By Tenzin McGrupp © 2006
I needed a couple of pictures for a post that I was writing for a article. During my search through my past, I sorted through two banker's boxes filled with pictures dating back from college. During a three hour period, I was bombarded with flashbacks. I was in hundreds of pictures. Some I recall taking and other memories are a blur.
The ones that hit home the most were from the ex-girlfriends. The ones in college seemed a distant memory, but seeing images of the girls and women I dated in my 20s was a lot for me to handle. That was in an age before digital cameras and I have dozens and dozens of those white envelops from the film developing joint filled with old memories.
Sabine was the French artist. We took pictures one afternoon about 10 years ago. I worked on Wall Street at the time, and we were in the middle of the last spurt of our relationship. We dated on and off for a few years and those pictures represented the last time we were happy together. It was the dead of winter and she met me for lunch on Saturday on one of the coldest days of the 1996. She had never seen my office, so I took her upstairs and she finally got a visualization of "the trenches" that I often spoke of. We headed downstairs for lunch and she was bundled up in a thick woolen green hat with a matching scarf as we walked the near empty streets of Lower Manhattan. French women are fanatically infatuated with scarves and the one Sabine wore stood out. I know it was ten years ago, but I'm still awestruck by the vibrations of that shade of green scarf she wore. I can barely recall the contours of her face or what she used to smell like, but that scarf continued to make an impression on me.

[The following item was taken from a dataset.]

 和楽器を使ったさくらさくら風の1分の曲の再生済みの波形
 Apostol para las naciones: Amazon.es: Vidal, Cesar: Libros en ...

We asked a tourist to take our photo as we sat in the square right in front of what used to be the World Trade Center. I also snapped random pics of the Twin Towers. That was a difficult set of photos to get through. Not only did Sabine break my heart and shatter it into several thousand jagged edges, but I was reminded by the horrible acts of 9.11. People jumped from 100 stories up to their death and landed a few spots from where we were happily sitting. I plunged into a pool of sadness and despair after sorting through those pictures of Sabine.
Lene was my roommate in Seattle. She had purple hair, loved Thai food, and listened to indie Seattle bands like the Supersuckers. We starting sleeping with each other, unknown to the entire house of seven other housemates. After midnight, I'd sneak through her window in the basement apartment and escape before sunrise. When I moved back to NYC, she was in the middle of switching jobs. She was a political activist of sorts and took two or three weeks off to drive cross country with me. She made that epic roadtrip where we drove from Seattle through Wyoming and St. Louis then down to New Orleans, Biloxi, Hilton Head, Savannah and DC before reaching NYC. I smiled when I glimpsed at a photo of her collecting seashells in her shoes as we walked along the beach in Hilton Head Island, South Carolina.
Sookie sat on my bed in my old studio plugging away and writing something on her laptop. She had no idea that I took her photo. That one in particular is black and white and ads a timeless quality to. Very few people I have met in my life could ignite the creative spark in me like Sookie did.
The photo of Angela was taken somewhere in California in the parking lot of a Phish show. She was holding up a veggie burrito in tin foil trying to sell it for $3. She spent the morning and rolled her own, hoping to sell enough to earn money to help cover gas expenses. Her hair was tied up in a Librarian's bun and eight or nine piercings were visible on her left ear. I forgot she used to wear so many earings. At the time the photo was taken, I never thought I could be more in love with someone.
Of course there were pictures from epic overseas trips that I took which included following Phish in Japan and going to Iceland with Senor. I had pics from fraternity formals, drives down the Pacific Coast Highway, from my porch in Seattle, and random pics of partying with friends in Brooklyn.
It was an emotional three hours digging through those boxes, opening up old wounds and falling in love again with the life I used to lead. And the places I used to live. And the friends I used to party with. And the women I used to sleep with.
Since I've been living out of my suitcase/backpack for the last 18 months traveling all over, the only material items I have are what I can carry with me... and those are very few. The rest of my life... my past... has been boxed up and tossed in the corner stored with old CDs, books, and paintings. I don't take those boxes of memories on the road with me because it's too much for me to carry. The emotional weight of all those photographs combined would equal forty thousand elephants. No person is strong enough to walk through life with such a cumbersome burden on their shoulders.
It is what is was. The past is the past and does not exist anymore, unless I allow those fleeting memories to linger in the present.
Tenzin McGrupp is a writer from New York City.